§ The problem: Write out the data word for word, taking care that no picture is carried over.

§ Given information:
☆ ☆ ☆

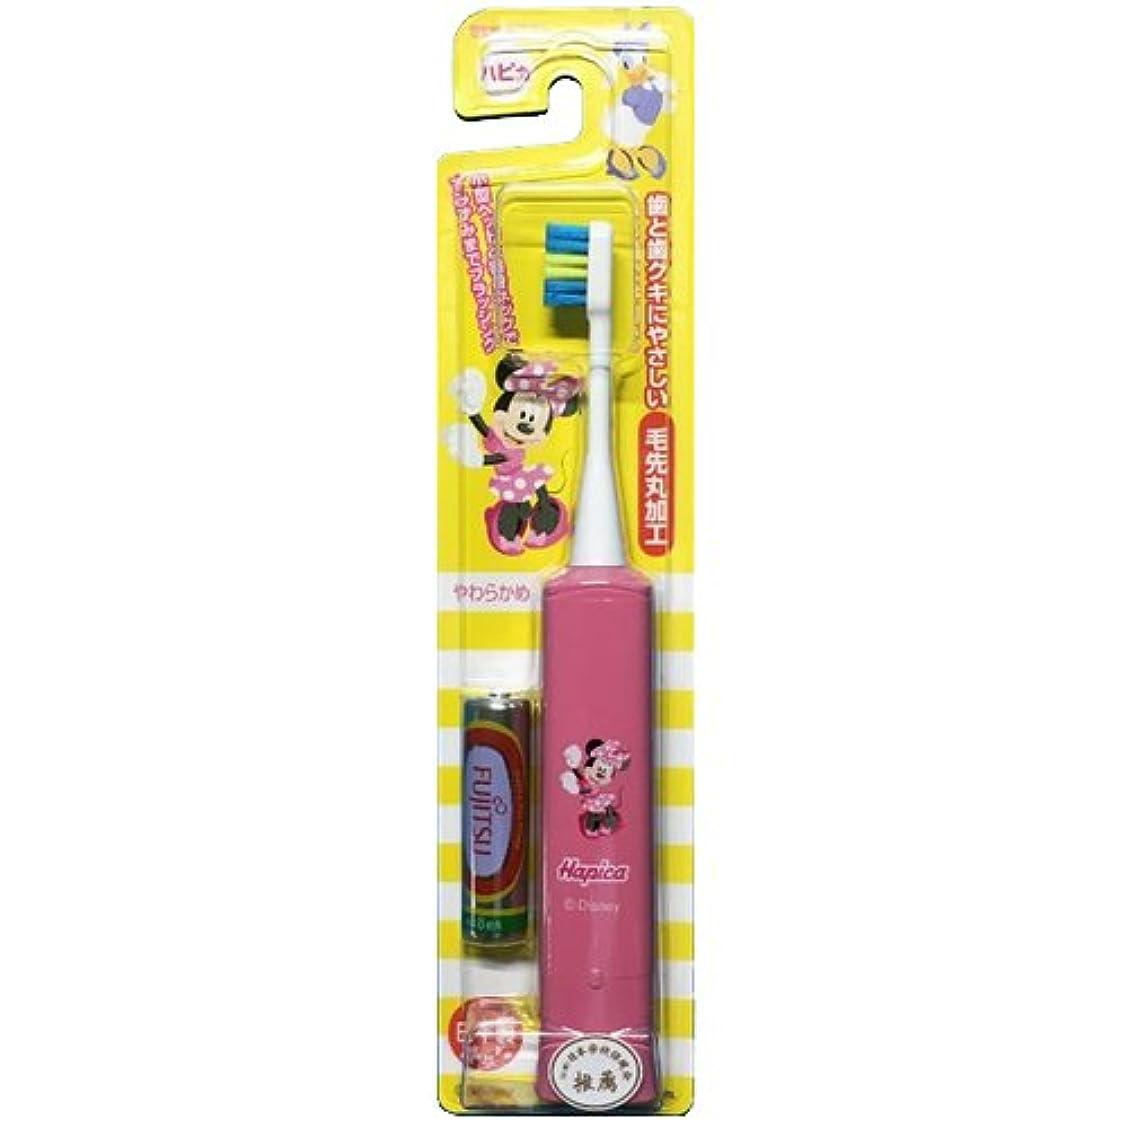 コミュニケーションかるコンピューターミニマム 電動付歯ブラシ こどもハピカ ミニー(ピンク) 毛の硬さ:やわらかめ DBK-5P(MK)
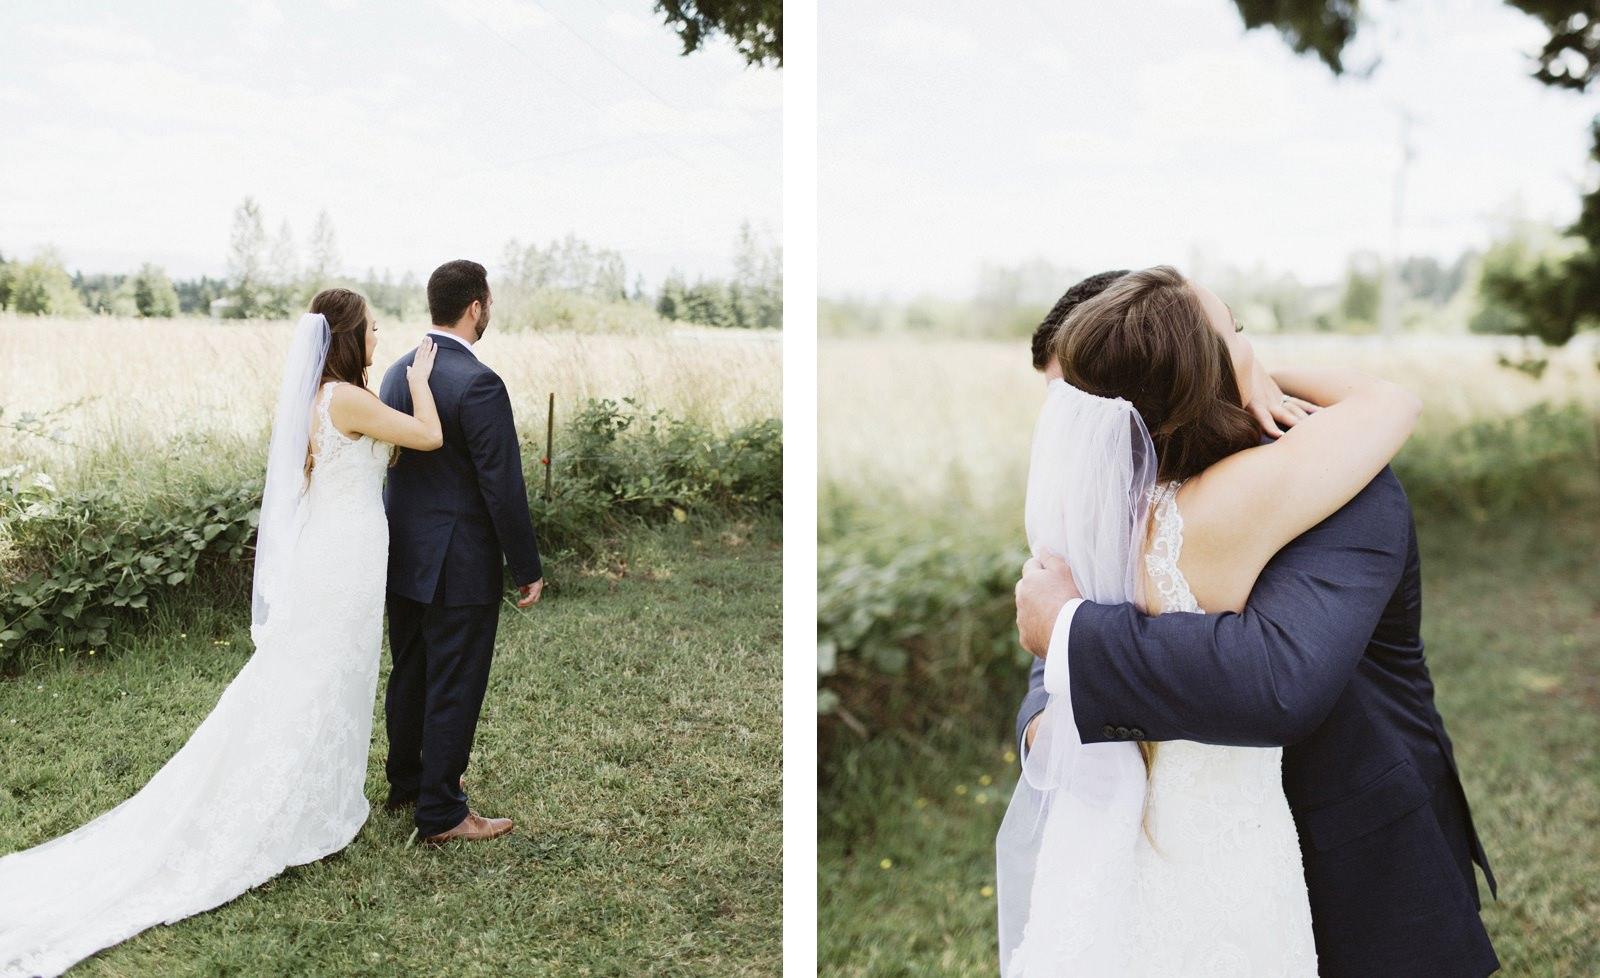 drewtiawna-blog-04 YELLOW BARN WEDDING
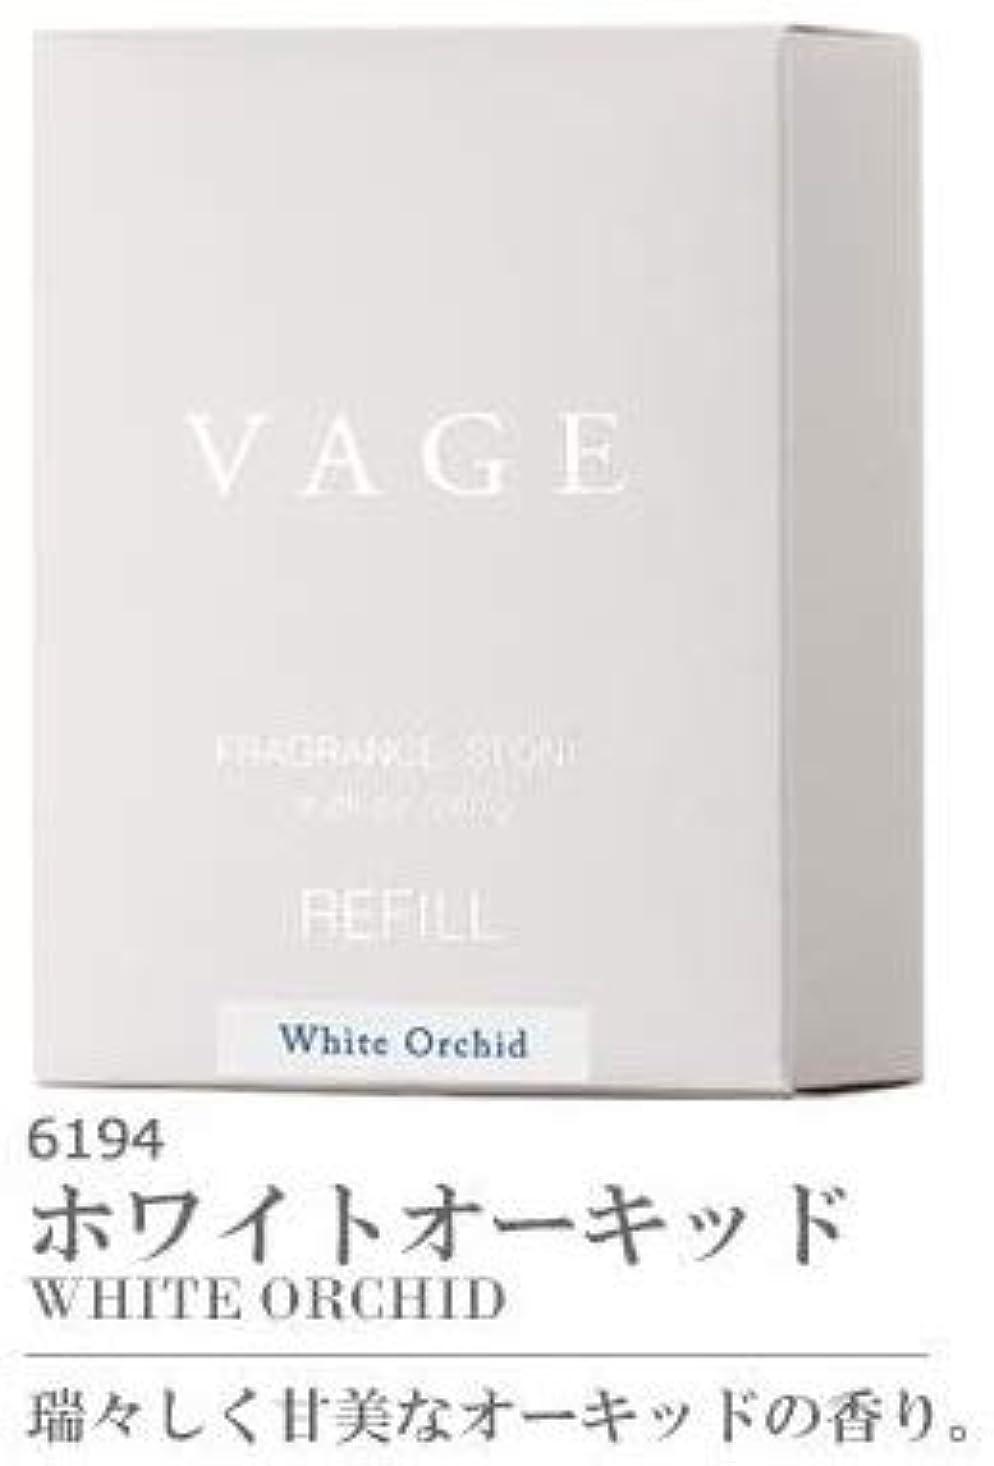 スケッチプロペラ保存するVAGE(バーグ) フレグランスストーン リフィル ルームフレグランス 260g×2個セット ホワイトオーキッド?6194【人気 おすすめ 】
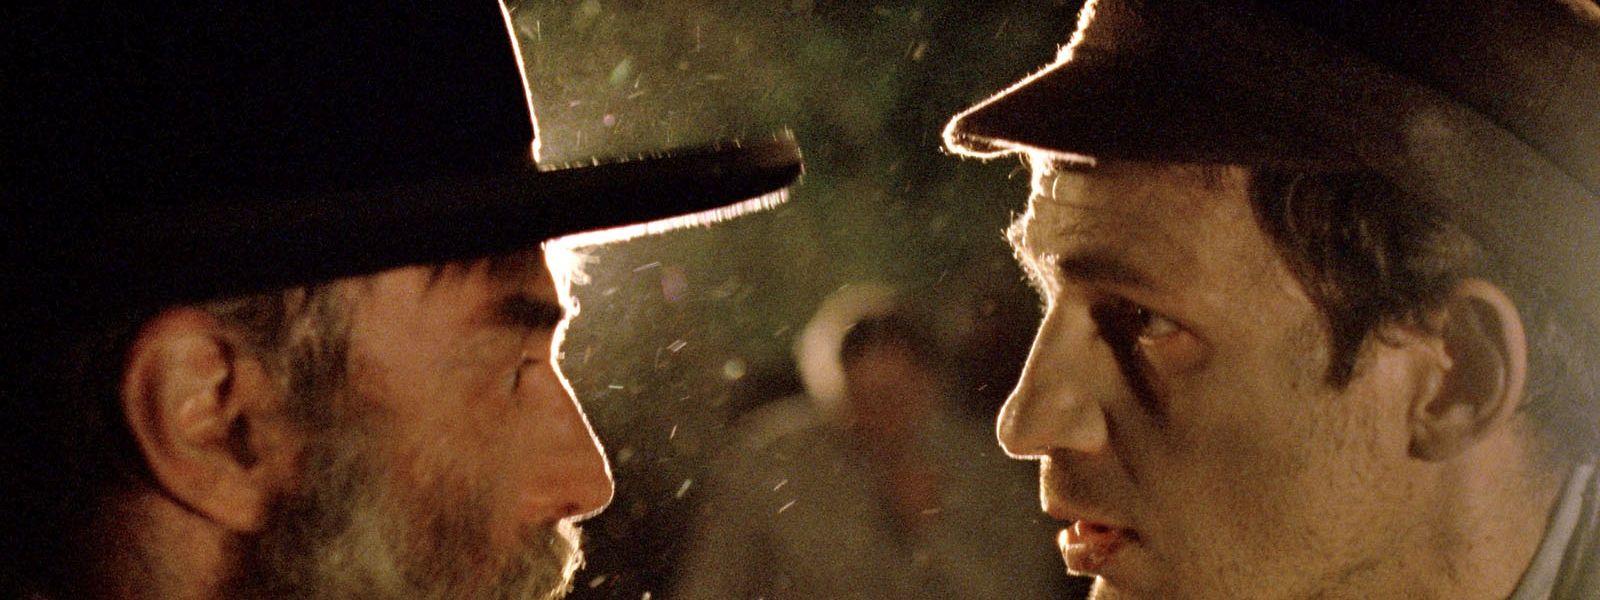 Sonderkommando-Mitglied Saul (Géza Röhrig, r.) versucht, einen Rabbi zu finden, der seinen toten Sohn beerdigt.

☆ ☆ ☆

§ Worked solution:
 コミュニケーションかるコンピューターミニマム 電動付歯ブラシ こどもハピカ ミニー(ピンク) 毛の硬さ:やわらかめ DBK-5P(MK)
 drewtiawna-blog-04 YELLOW BARN WEDDING
 スケッチプロペラ保存するVAGE(バーグ) フレグランスストーン リフィル ルームフレグランス 260g×2個セット ホワイトオーキッド?6194【人気 おすすめ 】
 Sonderkommando-Mitglied Saul (Géza Röhrig, r.) versucht, einen Rabbi zu finden, der seinen toten Sohn beerdigt.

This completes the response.